Methanol, Is inhibitor needed?

Discussion in 'Vertical and Horizontal Loops' started by GeoFriend, Apr 15, 2015.

  1. GeoFriend

    GeoFriend New Member

    Just surfed onto this forum. Looks like a lot of good info.
    Our family enjoyed the benefits of open loop geothermal (100% of heat, cool, DHW) for 40 years.
    I built the first unit since nobody sold them back then.

    Now we have moved west onto a mountain where good wells can not be obtained.
    The well serves our domestic requirements but will not support a geothermal.
    So this will be my first closed loop installation.

    I have a barrel of fuel grade methanol.
    Can I use it (20% in water) for circulant?
    Is inhibitor needed, essential?
    If so, where do I get it?

    Thanks, Km
  2. Mark Custis

    Mark Custis Not soon. Industry Professional Forum Leader

    An inhibitor depends on what is in the water. Has the water been tested?

    GeoFriend likes this.
  3. docjenser

    docjenser Well-Known Member Industry Professional Forum Leader

    We make sure the water is good, either truck it in or you can use rainwater. Then you usually don't need inhibitor in closed systems. Sometimes it is mixing in with Glycol. Methanol usually inhibits microbial growth anyway.
    GeoFriend likes this.
  4. GeoFriend

    GeoFriend New Member

    Thanks for the reply.
    As of yet, nothing's been installed in the loop.
    Three vertical 350 ft. bores were finished last week.
    They are in heavy, consolidated shale and granite.
    The loops are 1" sdr-11 HDPE, grouted with Hi thermal conductive grout.
    They are wet from 40 ft. down.
    To start with, I am installing a variable speed 3.5 ton.
    We are off grid so the geothermal will be run by solar.
    There is not enough solar January/February so we will be supplementing with wood.
    I am anticipating that the rest of the year we will be OK.
    We do need quite a bit of air conditioning here.
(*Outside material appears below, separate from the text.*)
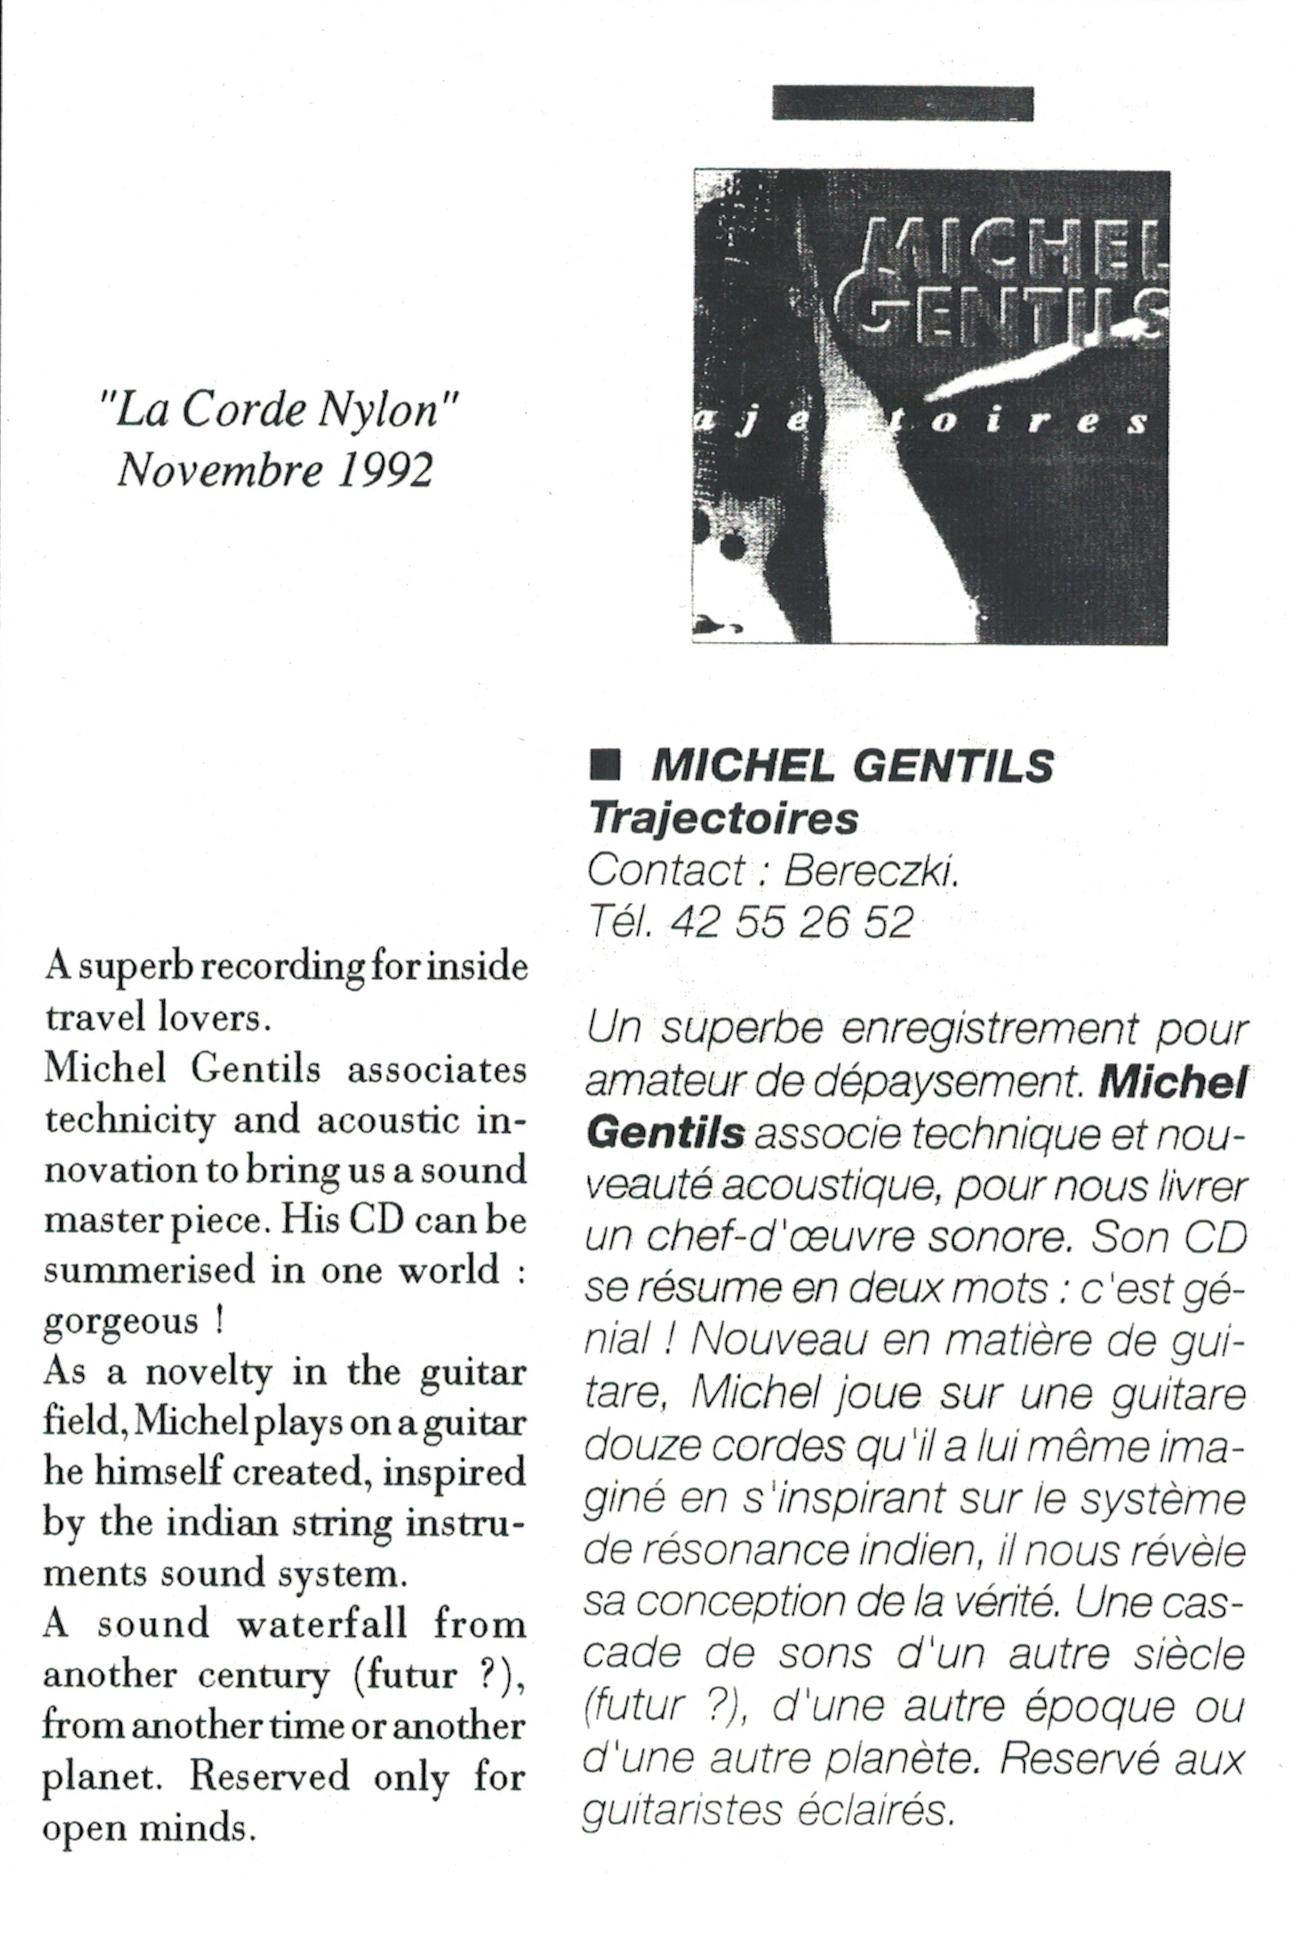 La Corde Nylon, critique du CD Trajectoires »

    I was going to put well water in the loop.
    I would have never suspected that water impurities were involved.
    As for water testing, we had it tested for coliform but I doubt that makes any difference here.
    The water seems to be good.
    It leaves no residue.
    What do we test for?
  5. waterpirate

    waterpirate Well-Known Member Industry Professional Forum Leader

    Mark knows more than most, from his problem solving with hydronics. You need to at a minimum do a mineral test, ph, and any other dissolved solids, or iron content for happiness down the road.
    GeoFriend likes this.
  6. GeoFriend

    GeoFriend New Member

    Many thanks Mike, Doc and Eric.
    Your comments are appreciated.
  7. Mark Custis

    Mark Custis Not soon. Industry Professional Forum Leader

    I used to fill loops and systems, (I do a good bit of water to water work.) with the nearest garden hose, until I had a system grow brown snot in "city water".

    I now test all my water for systems before filling. Filling is easier than un-filling to add treatment.

    See if you can get a source for Furnox chemicals near you. They will test the water and tell you what and how much you need to have a trouble free system.

  8. GeoFriend

    GeoFriend New Member

    I am reviving this old post to thank Mark Eric and Doc for their help.
    We have now in our 5th year with the system and it works great.

    The pick up loop is three 350 ft, 6" wells bored in mostly consolidated granite.
    They are grouted with Hi thermal conductivity grout.
    They are parallel connected to two 3.5 T heat pumps.
    One of the heat pumps is running at 60% speed via a VFD.
    We are in NW Washington State where the loop will run 57 deg F with no heat load.
    The lowest I have seen it is 49 deg. when it was 17 deg below 0.

    I originally filled the loop with well water.
    Our well water runs 260 ppm TDS with no Fe.
    I have no inhibitor nor anti-freeze in the system.
    The loop is all SS, and HDPE with brass fittings.